Material and methods: The data of 25 cases of SCLC and 29 cases of ADC from August 2015 to August 2020 were analyzed. The measurement of tumor size between preoperative thoracic computed tomography (CT) and postoperative macroscopic specimens was compared, and the ME range of tumor cells was measured under a microscope to determine its correlation with clinical features and pathological manifestations.

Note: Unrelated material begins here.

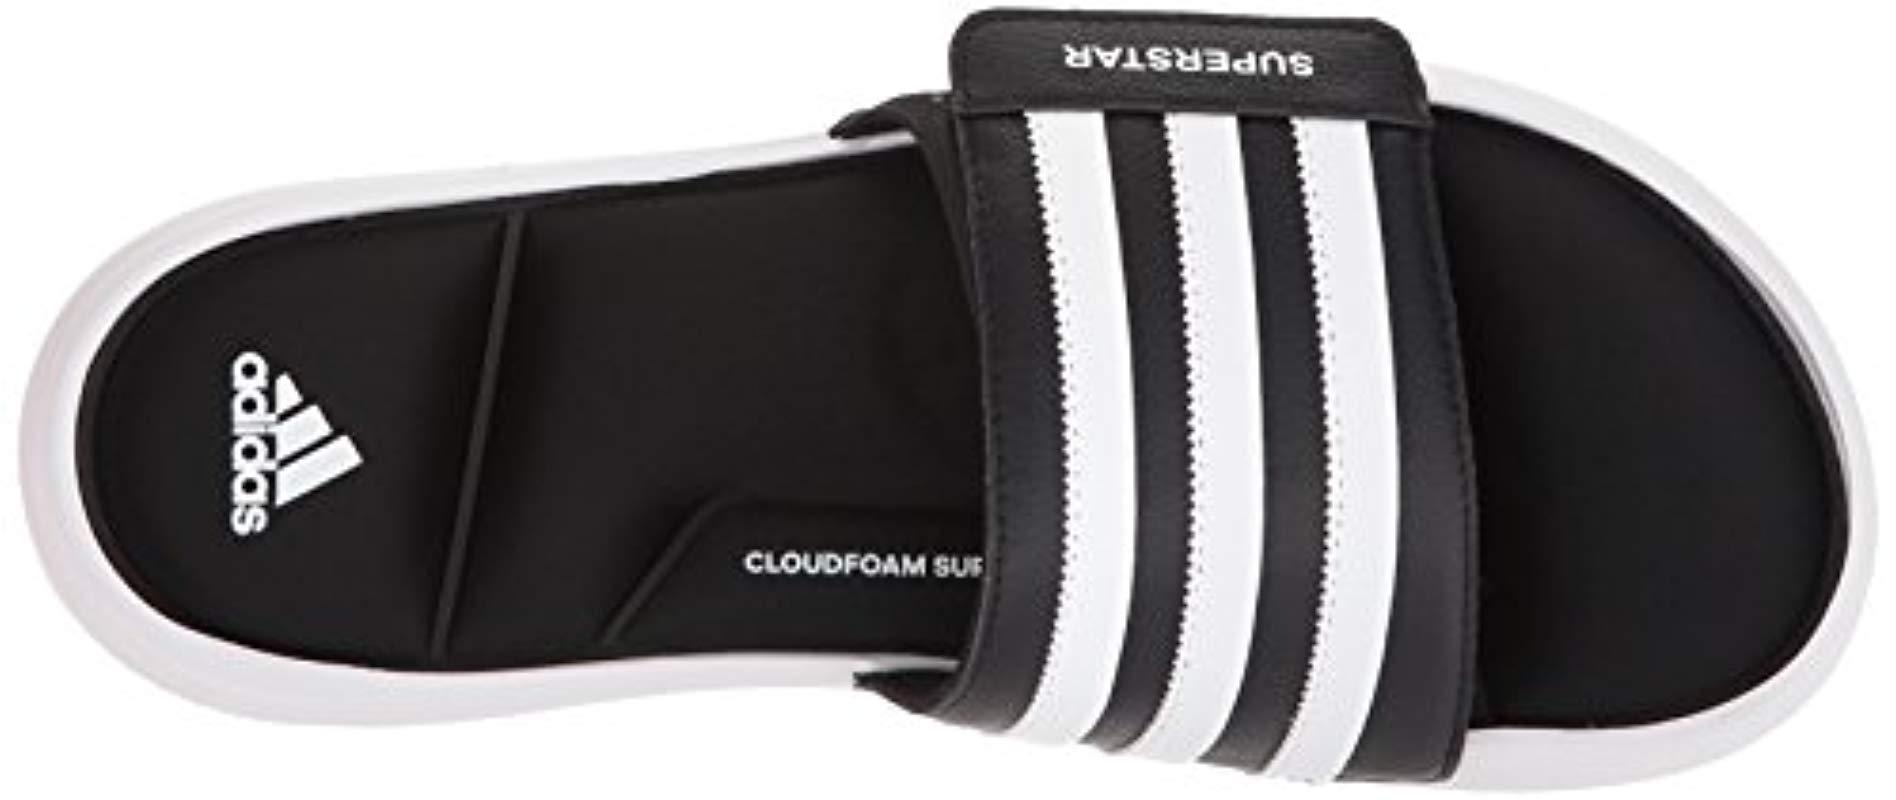 adidas Synthetic Superstar 5g Slide Sandal in Black/White/Black (Black) for  Men - Lyst

Results: A total of 217 slides were examined, corresponding to 103 slides for SCLC and 114 slides for ADC. The radiologic sizes of the tumors in SCLC and ADC were 12.8 and 7.9 mm, respectively (p = 0.09), and the macroscopic sizes were 12.5 and 8.5 mm, respectively (p = 0.07). There was a significant correlation between the radiologic and macroscopic size of the same tumor sample (r = 0.886). Compared with ADC, more SCLC tumor cells infiltrated through vascular or lymphatic dissemination (16% vs. 9%, p = 0.047). The mean ME value was 2.81 mm for SCLC and 2.02 mm for ADC (p = 0.012). To take into account 95% of the ME, a margin of 8 and 7.7 mm must be expanded for SCLC and ADC, respectively. The ME value of the tumor was related to the presence of atelectasis, the location of the tumor, and the Ki-67 cell proliferation index.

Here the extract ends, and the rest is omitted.